INTRODUCTION
Descriptive analysis is simply how we describe basic features of dataset and obtains of a short summary about the sample and measures of data.
IMPORTING LIBRARIES
import pandas as pd
import numpy as np
import matplotlib.pyplot as plt
% matplotlib inline
import seaborn as sns
from scipy import stats
from scipy.stats import pearsonr
Functions Used In Explarotary Data Analysis
df=pd.read_csv(Assingment2/automobileEDA.csv)
df.head()
df.describe()
df.describe(include='all')
VALUE COUNTS
drive_wheels_counts=df['drive-wheels'].value_counts()
drive_wheels_counts
BOX PLOTS
it is based on visualizing data based numeric data and various distributions
sns.boxplot(x='drive-wheels',y='price',data=df)
df.info()
SCATTER PLOTS
They are datapoints numbers contained in some range
y=df['price']
x=df['engine-size']
plt.scatter(x,y)
plt.title('scatter plot of Engine Size vs Price)
plt.xlabel('Engine Size')
plt.ylabel('Price')
Conclusion:As the engine size is increasing the price too increases
GROUP BY
It is used on categorical variable,groups the data into subsets according to different categories of that variable
GROUP BY DRIVEWHEELS
df_1grp=df_1.groupby(['drive-wheels'],as_insex=False).mean()
df_1grp
GROUP BY BODY STYLE
df[['body-style']].value_counts()
GROUP BY ROWS
df_test=df[['drive-wheels','body-style','price']]
df_test.head()
GROUP BASED ON TWO VARIABLES AND FIND MEAN
df_grp=df_test.groupby9['drive-wheels','body-style'],as_index=False).mean()
df_grp
PIVOT TABLE
it helps in visualizing data in a readable format
df_pivot=df_grp.pivot(index='drive-wheels',columns='body-style')
df_pivot
HEAT MAP PLOT
it takes a rectangular grid of data and assigns a color intensity based on the data value at the grid points.

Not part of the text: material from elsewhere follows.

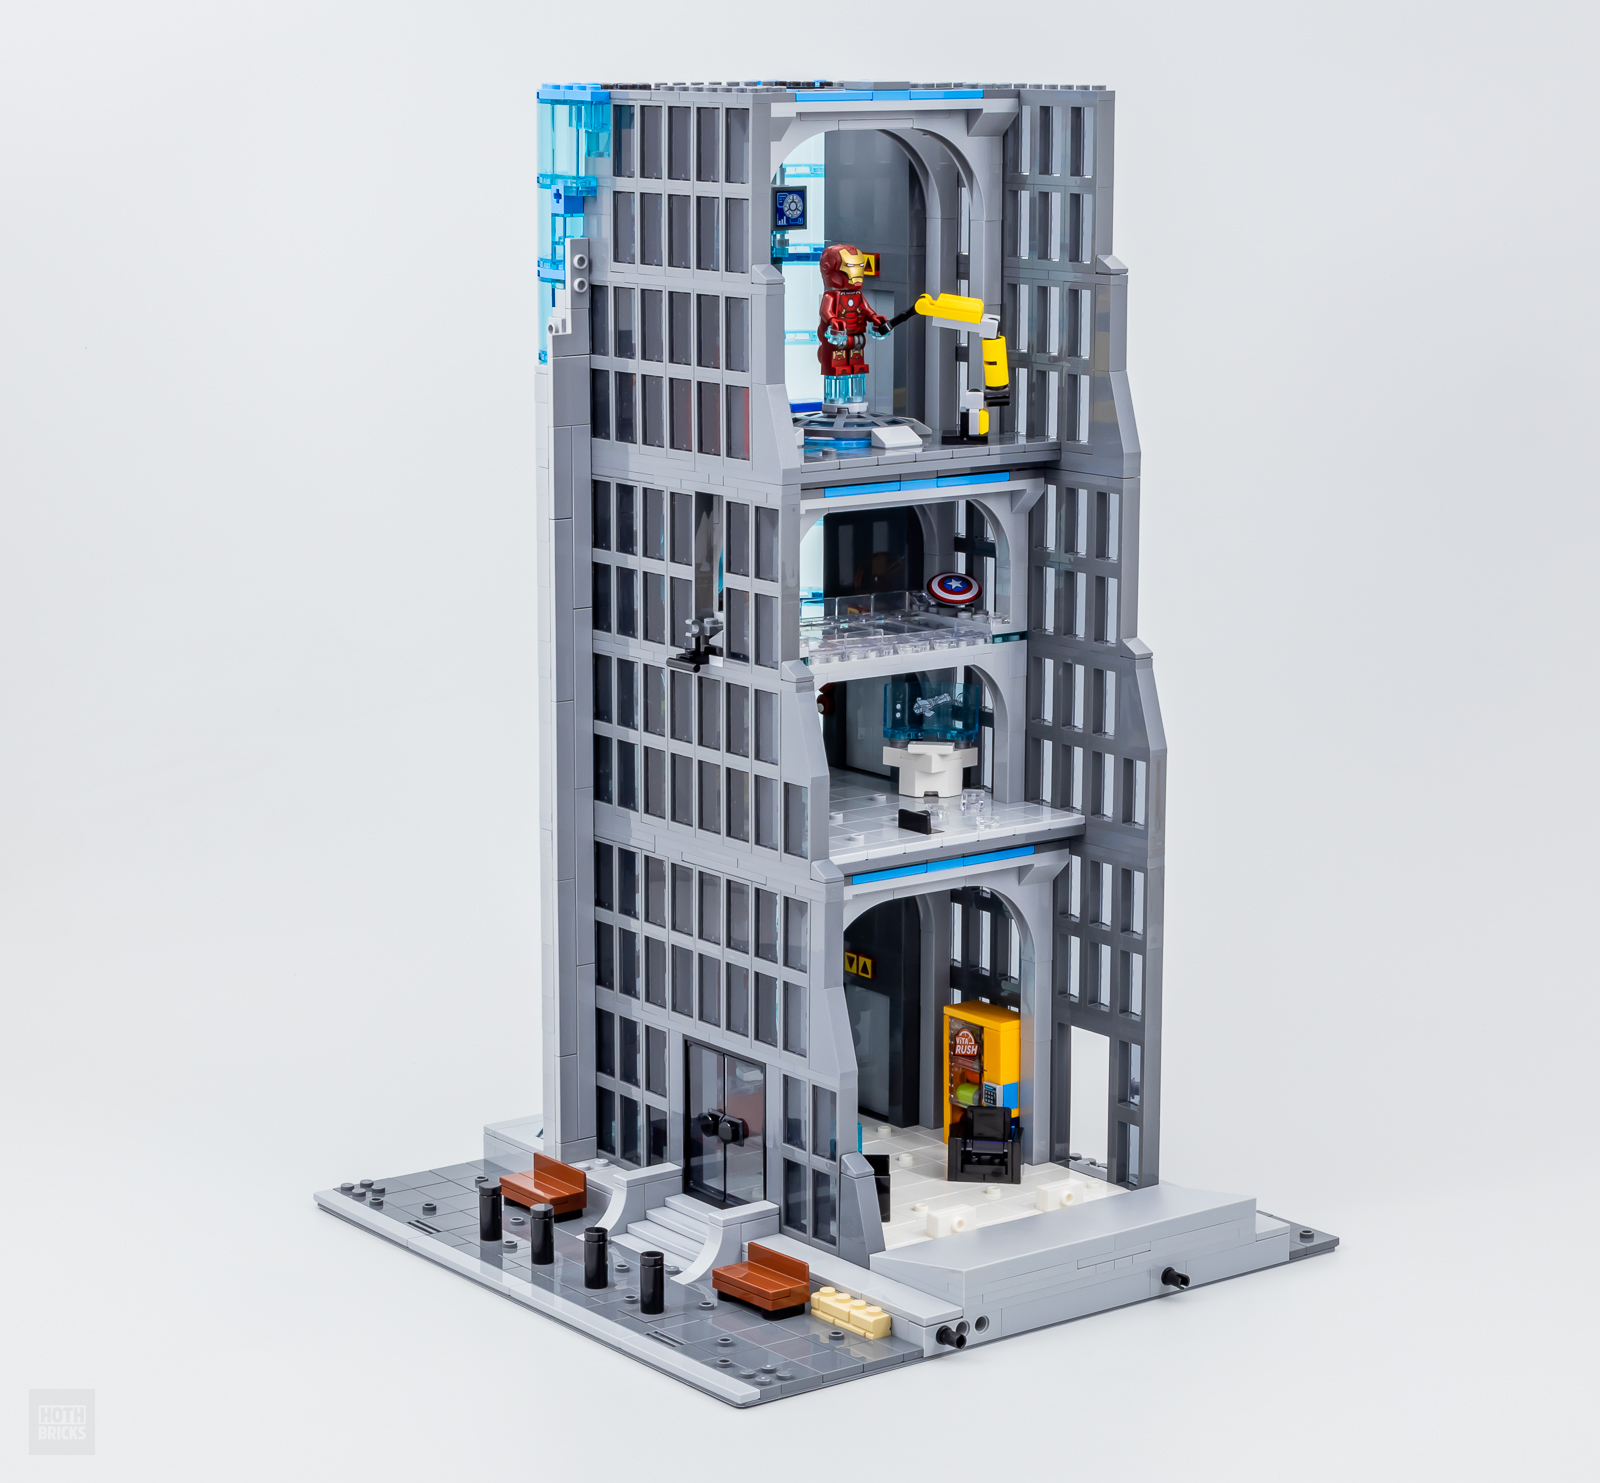 LEGO Marvel Avengers Tower (76269) Officially Announced - The Brick Fan

plt.pcolor(df_pivot,cmap='RdBu')
plt.colorbar()
plt.show()
CORRELATION
It is a statistical metric for measuring to what extent different variables are independent.
sns.regplot(x='engine-size',y='price',data=df)
plt.ylim(0,)
WEAK CORRELATION
sns=regplot(x='highway-mpg',y='price',data=df)
plt.ylim(0,)
CORRELATION STATISTICS
it will be based according two methods:
1)correlation coefficient,it uses +1,-1,0
2)P-values,it tells us how certain we are about the correlation with calculated values
REMOVE ROWS WITH NAN OR INFINITE VALUES
df_cleaned=df[['horsepower','price']].dropna()
df_cleaned=df_cleaned[np.isfinite(df_cleaned).all(1)]
CALCULATE PEARSON CORRELATION
pearson_coef,p.value_stats.peasonor(df_cleaned['horsepower'],df_cleaned['price'])
pearson_coef,p_value
CORRELATION MATRIX
df_numeric=df.select_dtypes(include=[float,int])
corr_matri=df_numeric.corr()
corr_matrix
VISUALIZE HEATMAP
plt.figurre(figuresize=(10,8))
sns.heatmap(corr_matrix,annot=True,cmap='coolwarm',fmt='.2f',linewidths=0.5)
plt.title('Correlation Heatmap')
plt.show()
CONCLUSION
As the engine size is increasing the price too increases.